6.3 Upon cancellation of the Services in accordance with this clause 6, all Intellectual Property and New Intellectual Property shall be returned by the Customer to the Supplier and, for the avoidance of doubt, any licence for the Customer to use such property shall cease with immediate effect.
7 Relationship of Parties
7.1 The Supplier and the Customer agree that the relationship between them shall be that of independent contractors and that nothing in these Terms and Conditions constitutes any relationship of employer and employee, principal and agent or partnership between the parties, and neither party has any authority to represent the relationship as such.
8.1 The Customer indemnifies the Supplier, its officers, employees and agents (Indemnified Parties) against all claims, losses, damages, liability or expenses (including actual legal costs payable to legal representatives) suffered or incurred by the Indemnified Parties and arising directly or indirectly from or in connection with a breach or non- performance of any of the obligations or warranties of the Customer under these Terms and Conditions; any breach by the Customer of any representation express or implied made by the Customer to the Supplier or any third party in connection with these Terms and Conditions, any negligent or unlawful act or omission by Customer; or any claim by any person arising out of the provision of Services by the Supplier.
9 Dispute Resolution
9.1 If there is a dispute between the parties arising out of, or in connection with, these Terms and Conditions, the parties will endeavour, in good faith, to resolve the dispute by using informal dispute resolution techniques.
10.1 If the Supplier, in providing the Services or otherwise as a result of this Agreement, receives or has access to any Personal Information, the Supplier must, in respect of that Personal Information: a comply with the Privacy Act; b only use the Personal Information for the purpose of providing the Services.
11 Force Majeure
11.1 Neither party will be liable to the other for any failure or delay caused by an event of Force Majeure, provided that it complies with this clause.

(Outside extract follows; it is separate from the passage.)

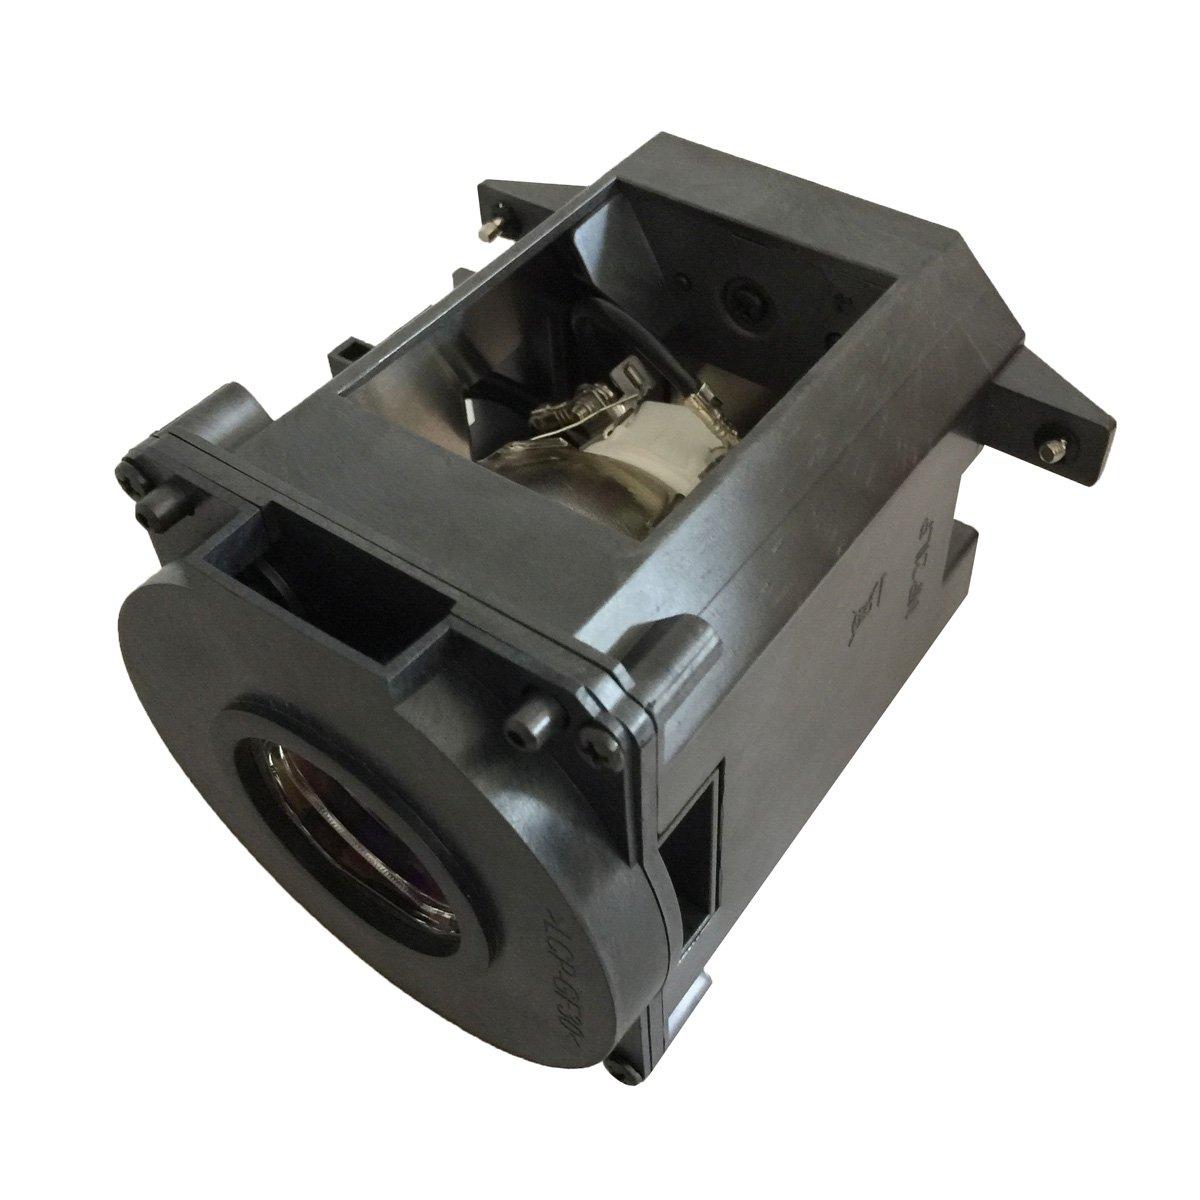 EachLight プロジェクター 交換用 ランプ NP21LP(互換性のあるランプ) NEC NP-PA600XJL、NP-PA550WJL、NP-PA500UJL、NP-PA500XJL13ZL、NP-PA550WJL13ZL対応(高品質ランプ)   B07FY8BVJR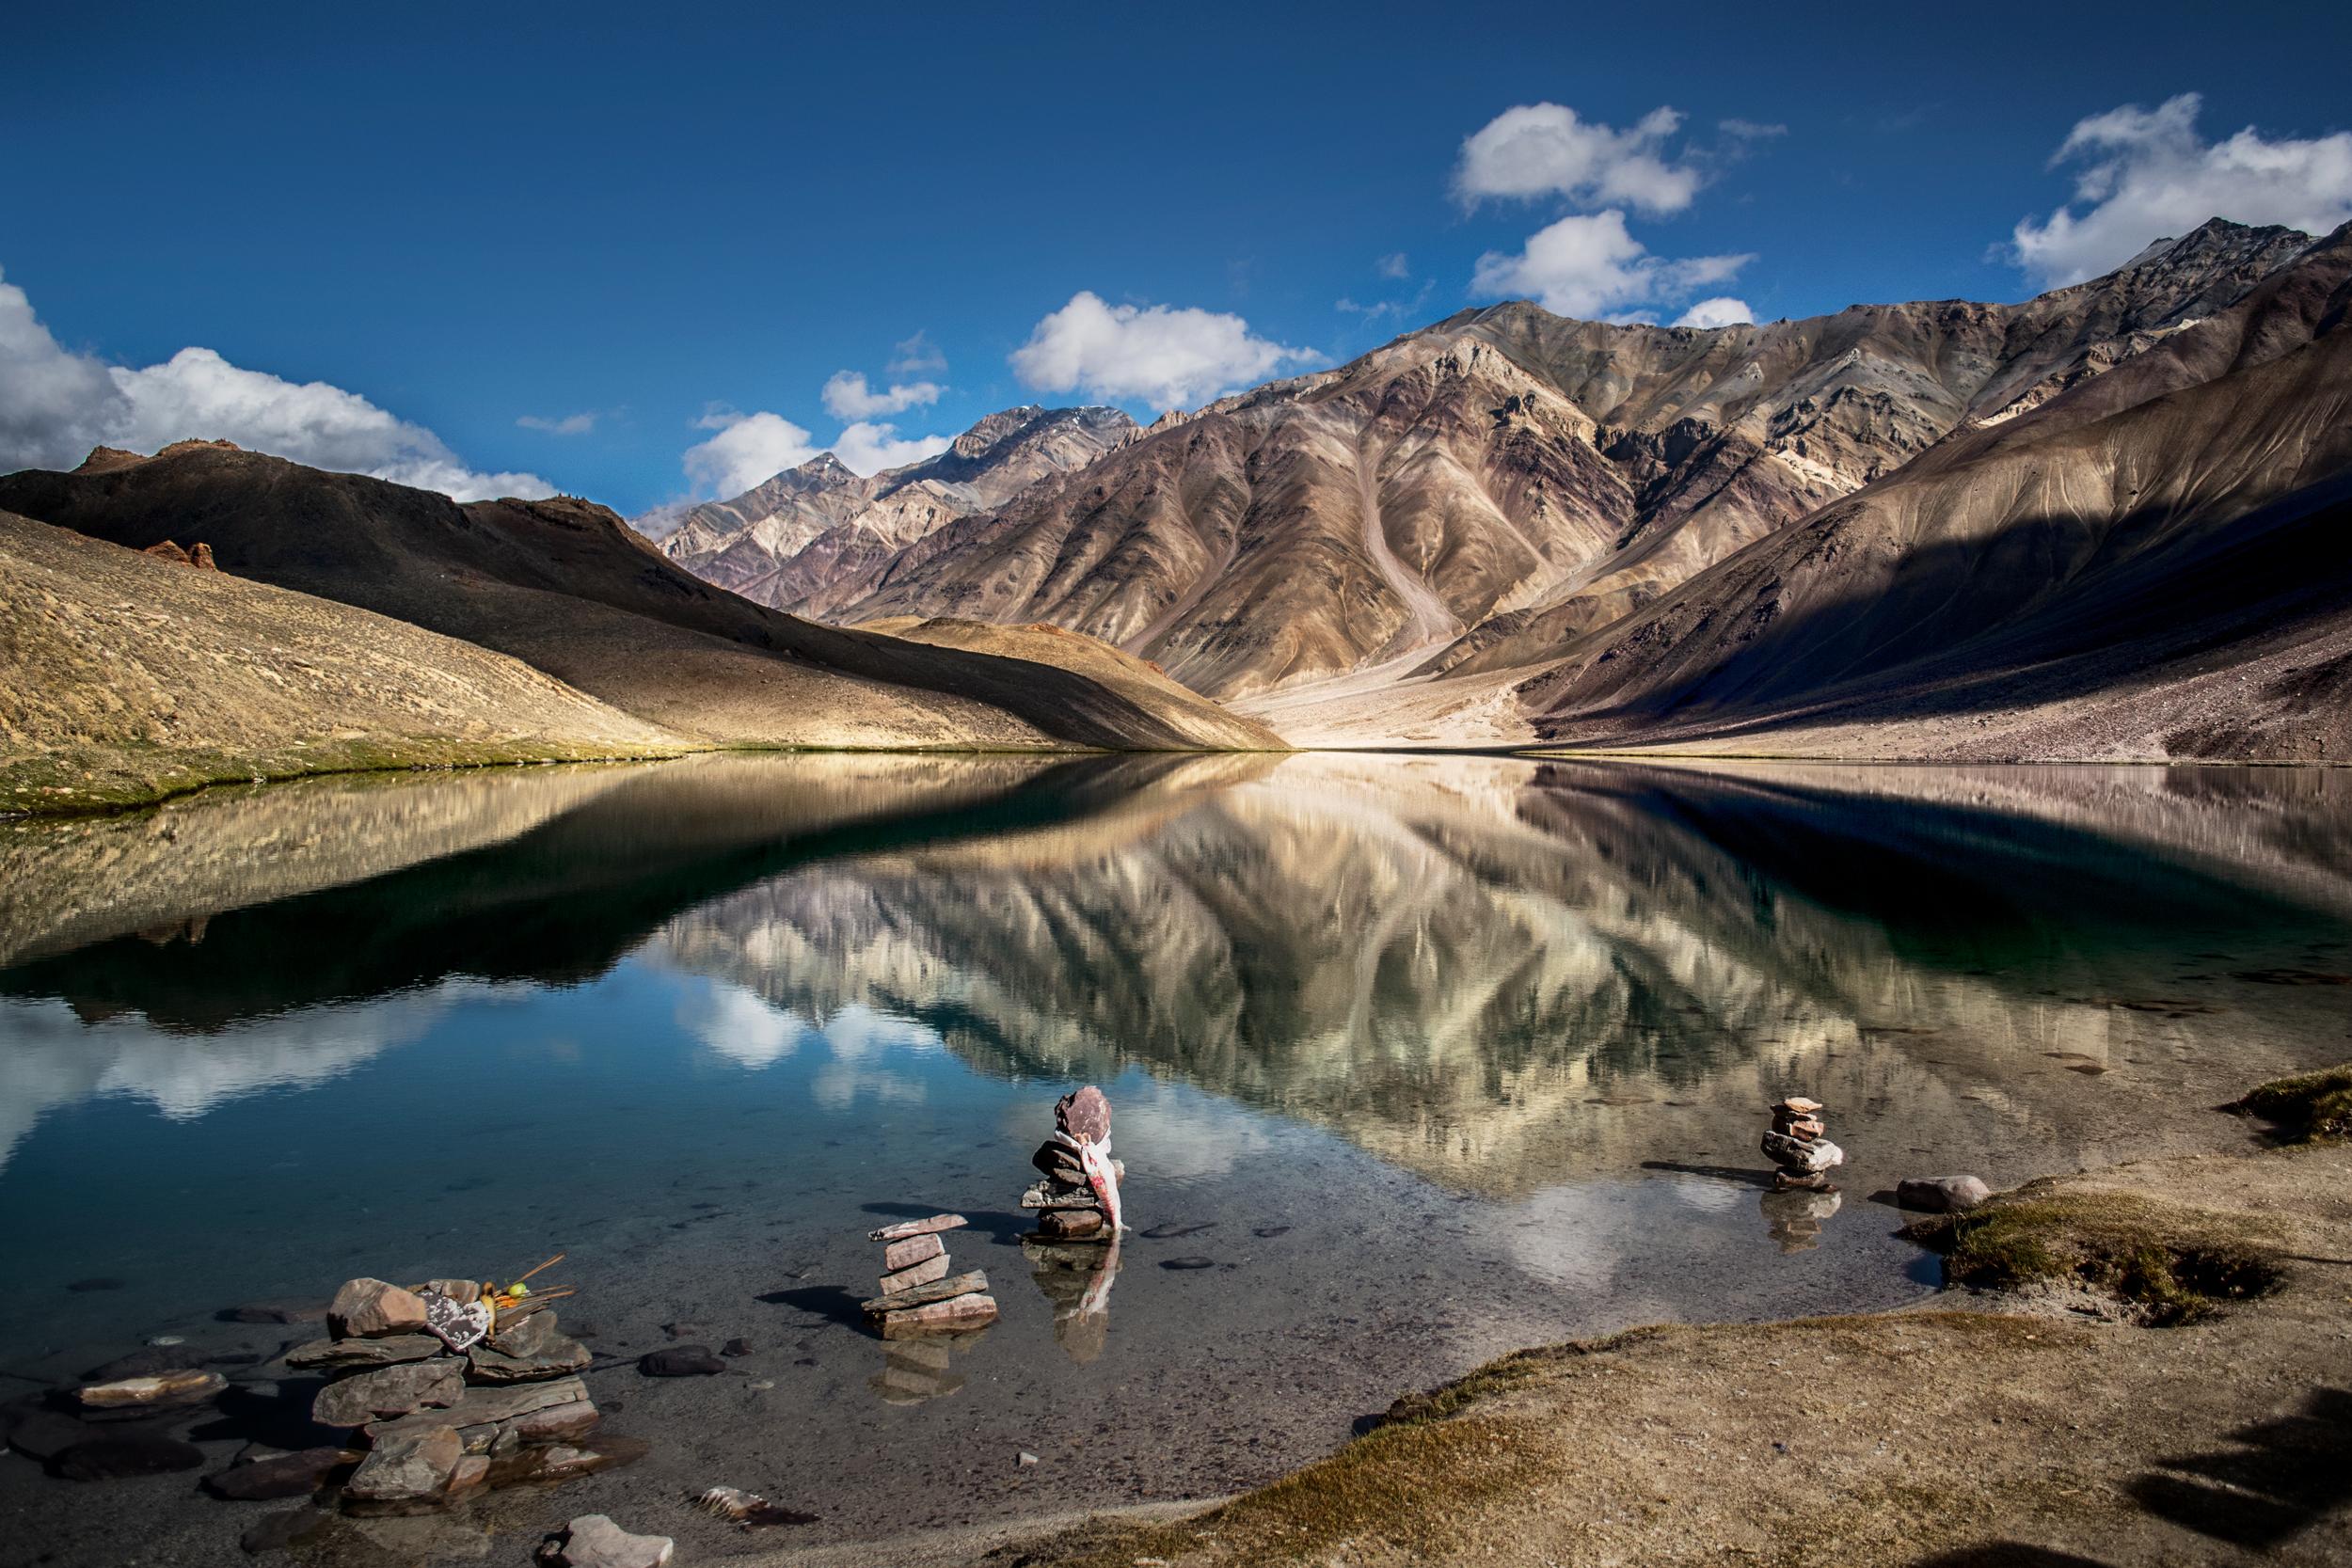 Reflection of mountains on Chandratal Lake

The affected party shall inform the other as soon as it is practicable to do so and shall take reasonable steps to overcome the failure or delay.
12 Health and Safety
12.1 The Supplier will consult, cooperate and coordinate with the Customer with a view to ensuring both parties comply with their respective obligations under the Health and Safety at Work Act 2015 as they relate to the performance of the Services.
12.2 The Supplier will, in performing the Services, comply with its obligations under the Health and Safety at Work Act 2015.
13.1 Each party shall at all times keep confidential, treat as privileged, and not directly or indirectly make, or allow any disclosure or use to be made of the Confidential Information except to the extent:
a. required by law;
b. necessary to obtain the benefit of, or to carry out any obligations under, this Agreement;
c. that the parties otherwise agree in writing, which agreement shall not be unreasonably withheld or delayed; or
d. that the information is or becomes publicly available without breach by either party of its confidentiality obligations under this clause or at law.
14.1 The Supplier may vary these Terms and Conditions at anytime by giving the Customer 7 day’s written notice specifying the variation.
14.2 The Terms and Conditions will be governed in accordance with the law of New Zealand.